● **What you will do**
Set down the full listing exactly as given. Any pictures are to be left out.

● **The data**
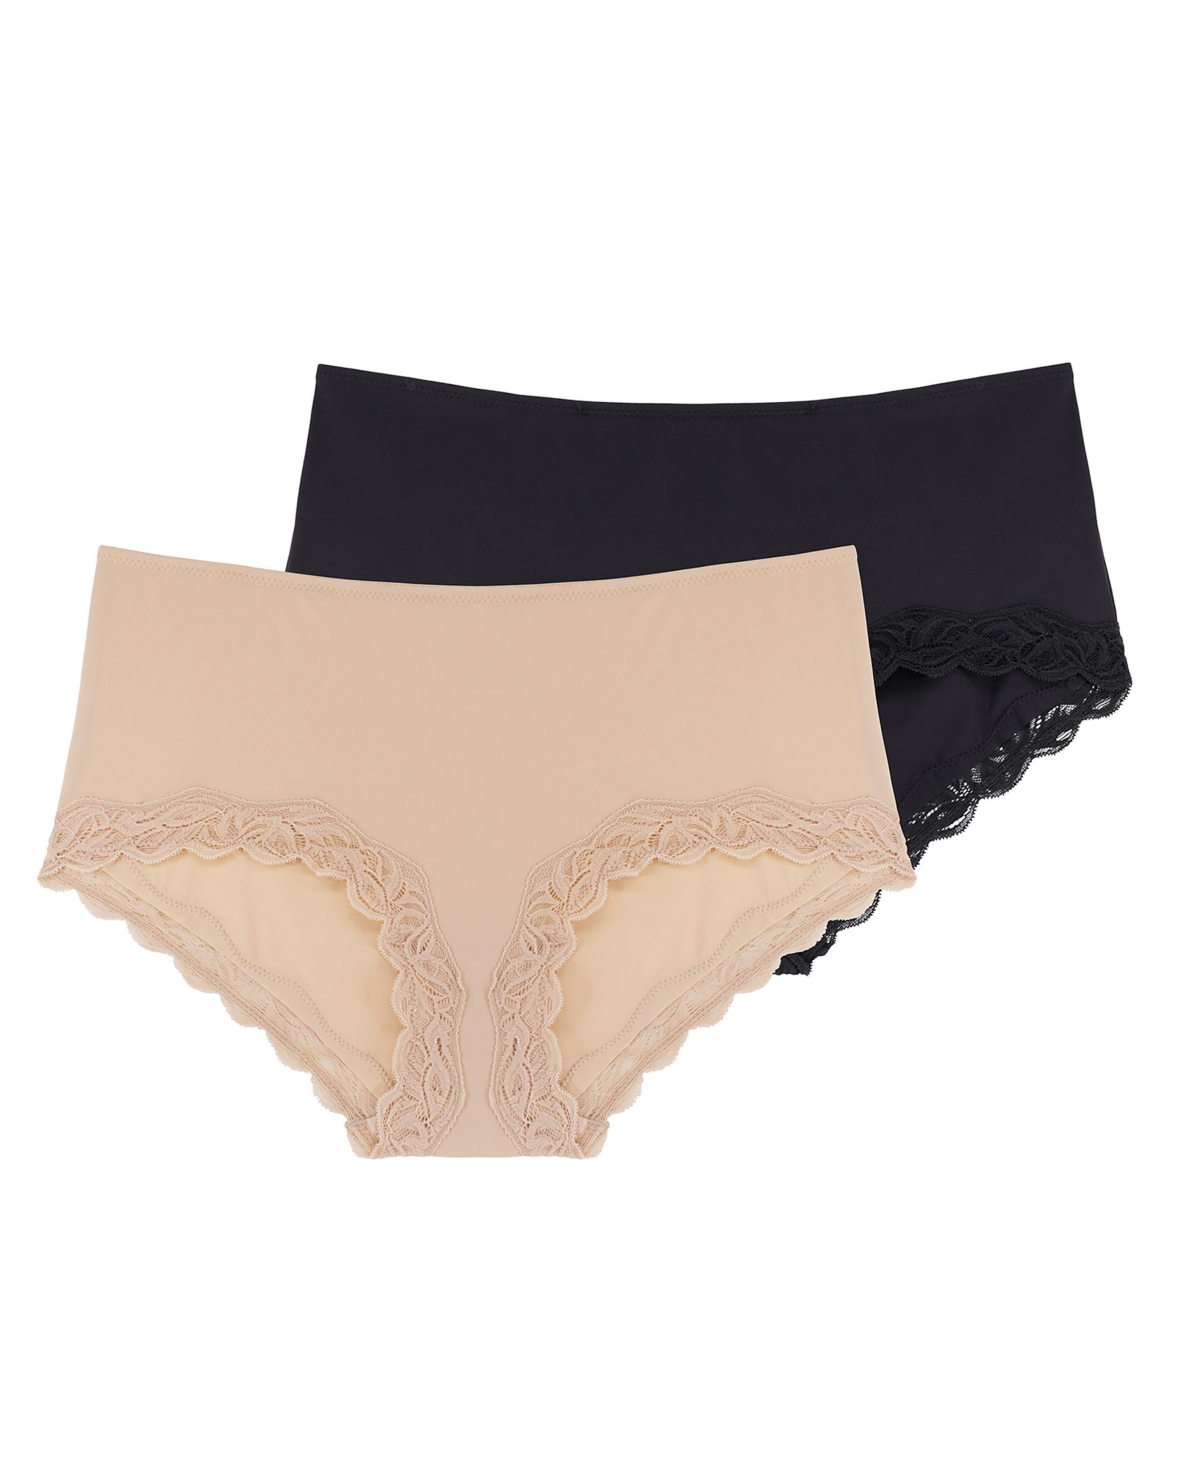 Women's Evie Micro and Lace 2 Pc. High Rise Brief Panties - Nude, Black
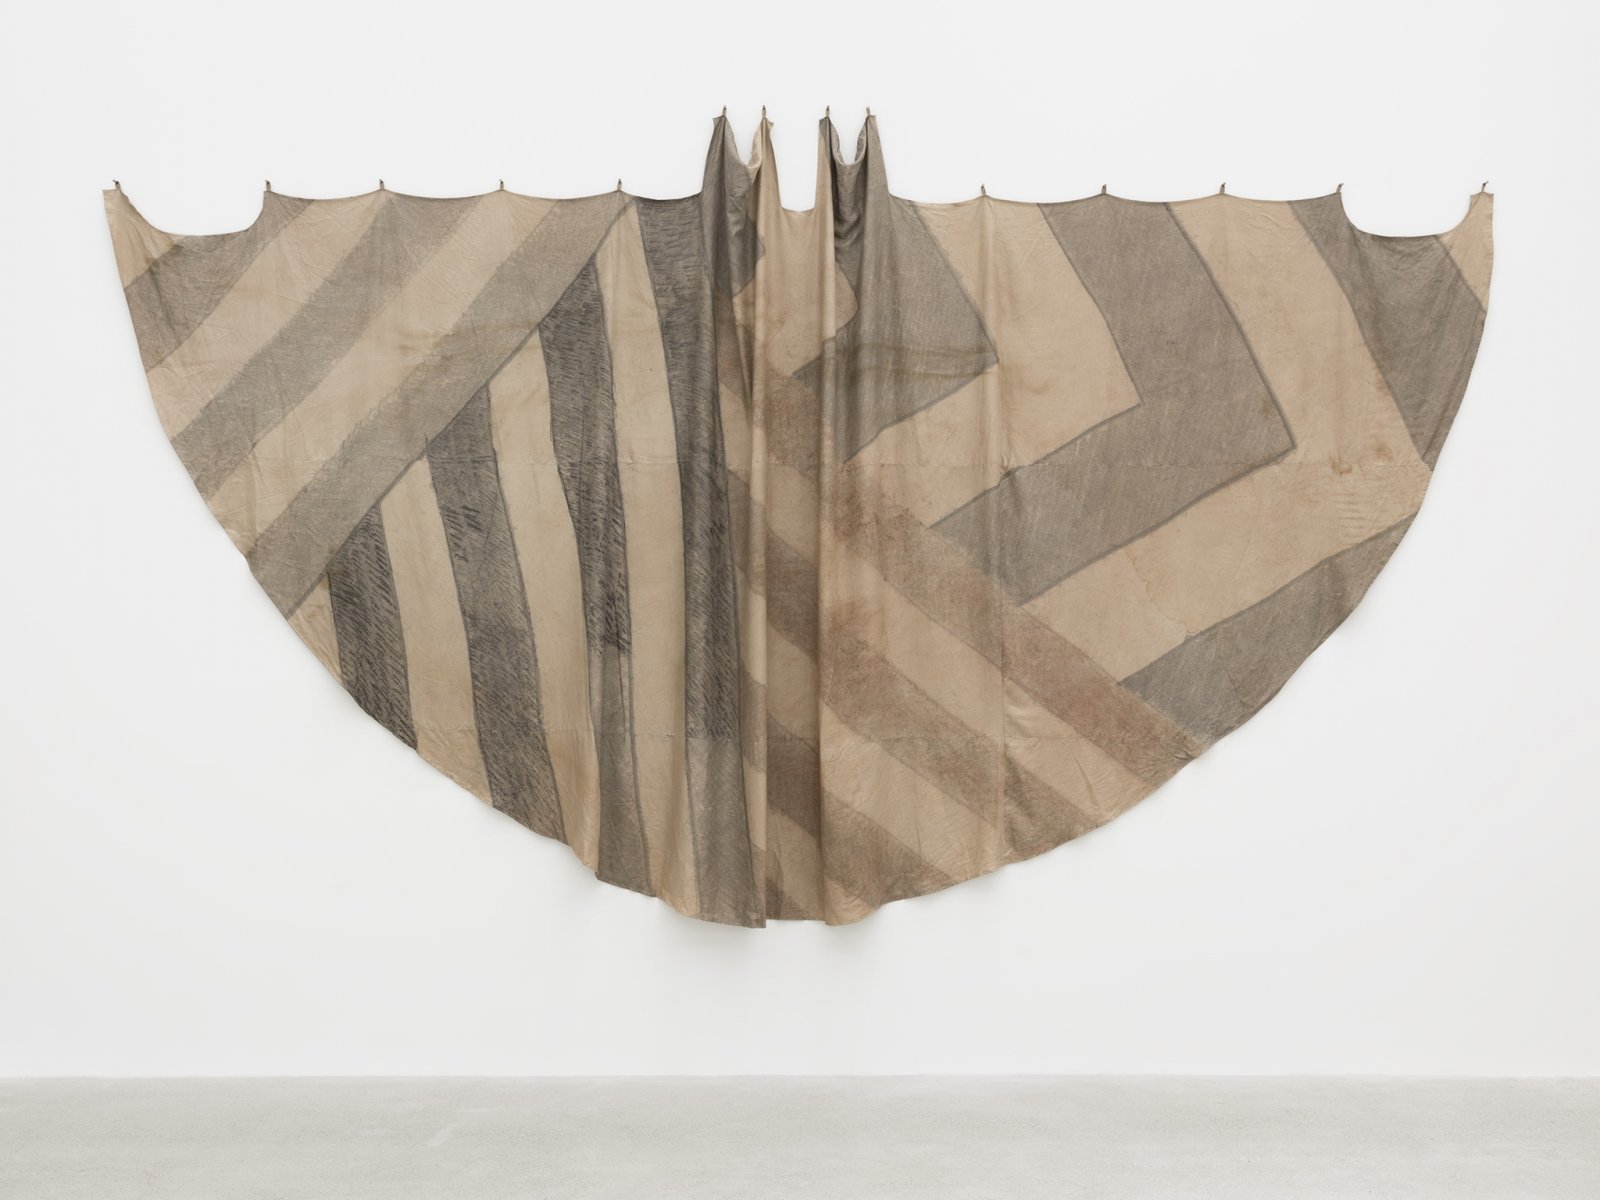 Duane Linklater, Tipi cover for deep forest dazzle / four on the floor for Tobias, 2018, digital print on hand-dyed linen, sumac, cedar, charcoal, nails, 117 x 230 in. (296 x 584 cm)
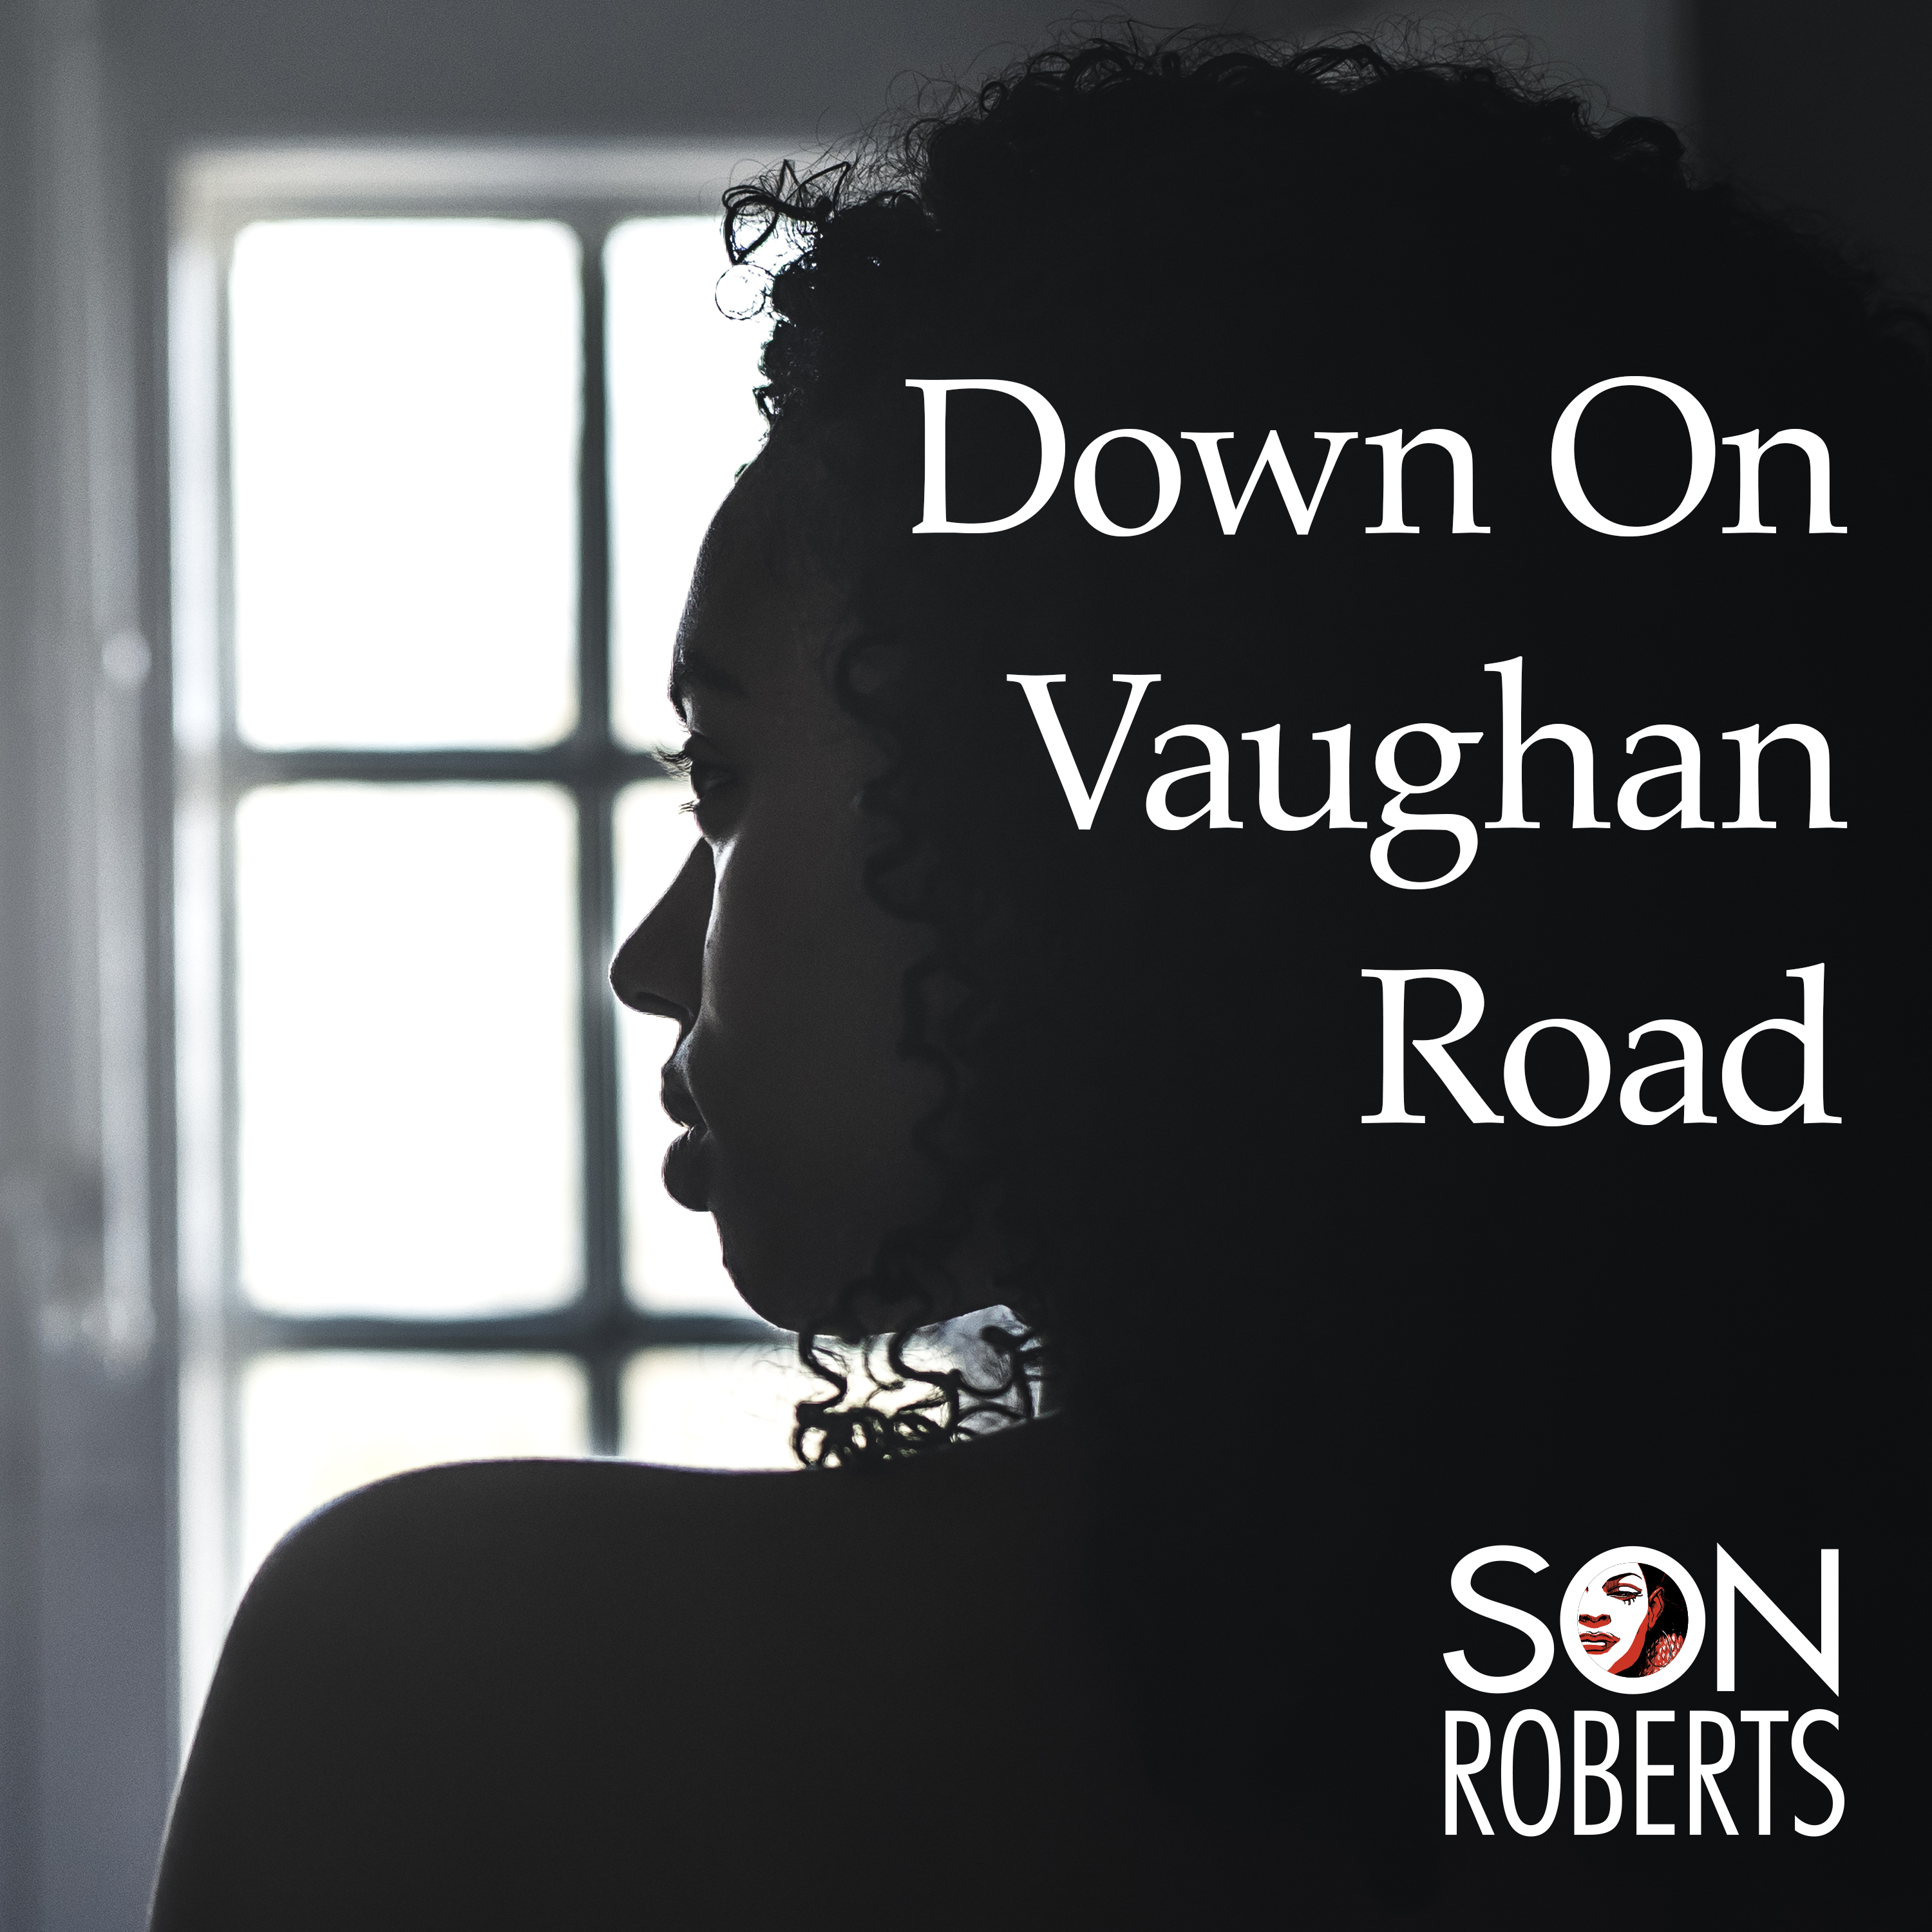 Down on Vaughan Road Single Cover Art

● **Task answer**
 Women's Evie Micro and Lace 2 Pc. High Rise Brief Panties - Nude, Black
 Duane Linklater, Tipi cover for deep forest dazzle / four on the floor for Tobias, 2018, digital print on hand-dyed linen, sumac, cedar, charcoal, nails, 117 x 230 in. (296 x 584 cm)
 Down on Vaughan Road Single Cover Art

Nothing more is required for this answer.